Amid all the promises of violence, Wednesday’s hearing was particularly ill-timed, Vladeck argued. 

“Given those stakes, it seems to me that this Subcommittee should be far more troubled by those attacks — and the threats they already have provoked and are likely to provoke going forward — than by rulings from a pair of judges with which some of the members may disagree,” he said. “At the moment, it seems especially irresponsible for this Subcommittee to be devoting its precious time and resources to a hearing that is likely to only exacerbate the executive branch’s disturbing efforts to undermine public faith in the lower federal courts — rather than to push back against them.”

Large segments of the legal firmament disapprove of efforts to impeach judges. During the hearing, Whitehouse read into the record letters from the American Bar Association and retired federal judges stating their opposition. 

In his annual end-of-year report, Chief Justice John Roberts implied conservatives’ calls for impeachment were improper, noting that Chase, a signer of both the Declaration of Independence and the Constitution, prevailed in his Senate trial even though his political opponents held a supermajority, “because many Senators concluded that disapproval of a judge’s decisions provided an invalid basis for removal from office.”

Roberts made similar points in a public statement in March, as Trump attacked Boasberg after adverse rulings then.

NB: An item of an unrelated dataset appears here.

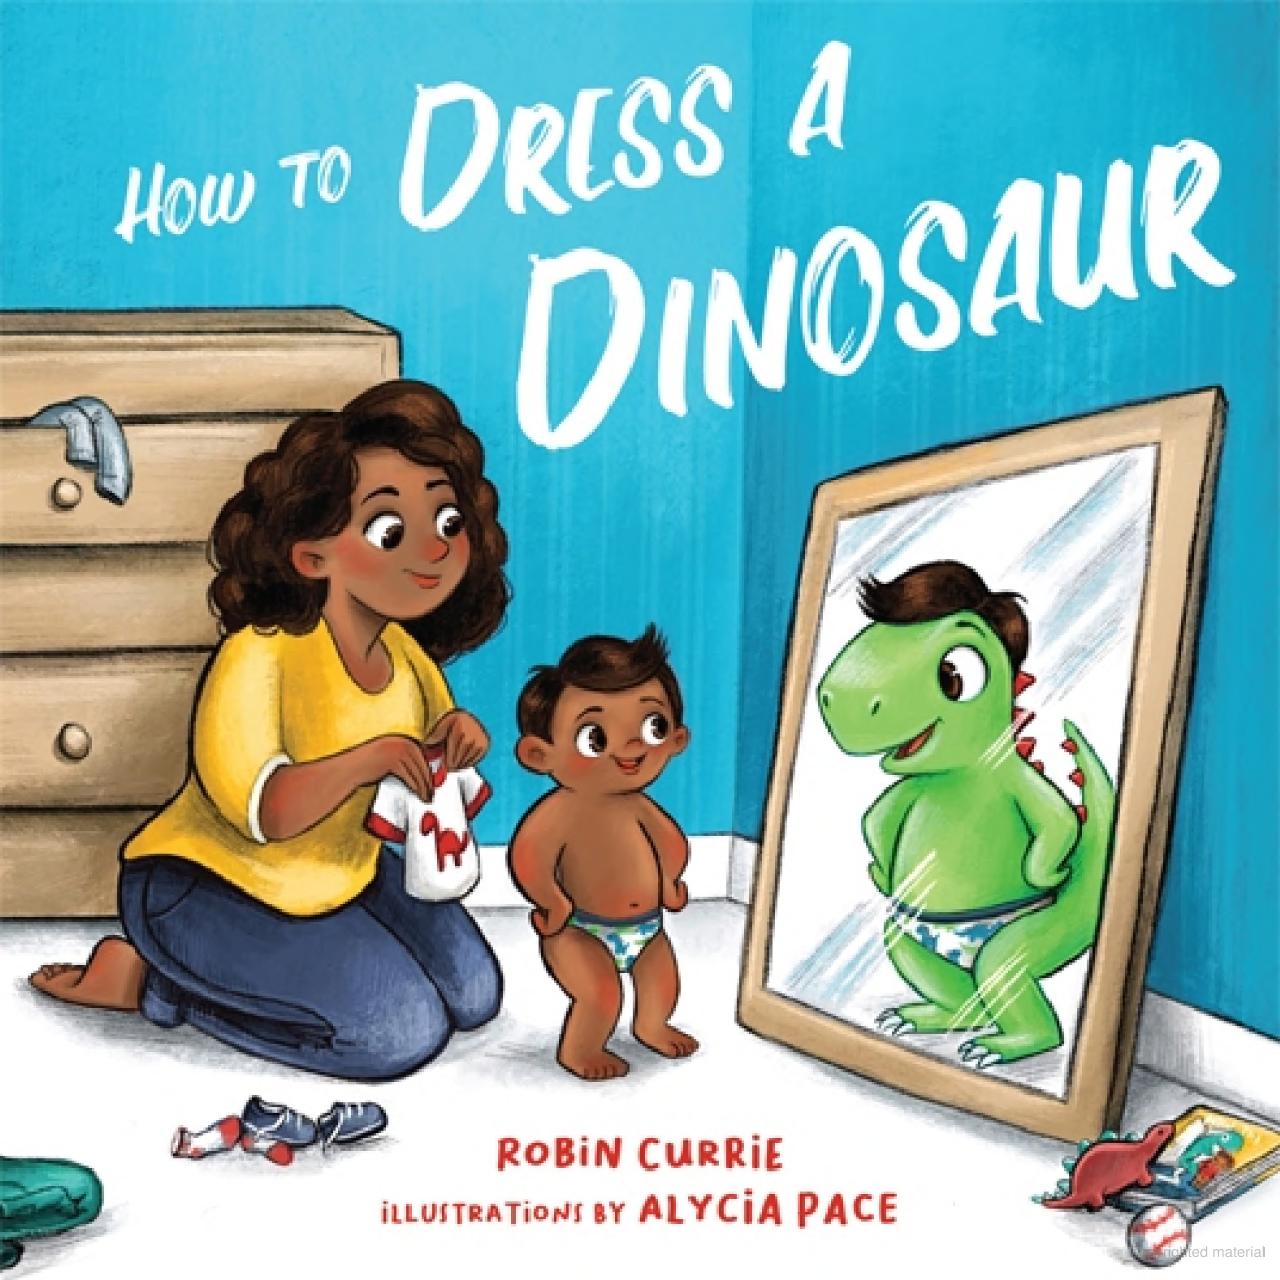 How to Dress a Dinosaur - HoneyBug

Roberts also rebuked Trump during the president’s first term in response to his repeated attacks on the judiciary. “We do not have Obama judges or Trump judges, Bush judges or Clinton judges,” Roberts wrote. “[An] independent judiciary is something we should all be thankful for.” 

Roberts’ prior year end report similarly focused on judicial independence at the stark increase in violent threats made against judges.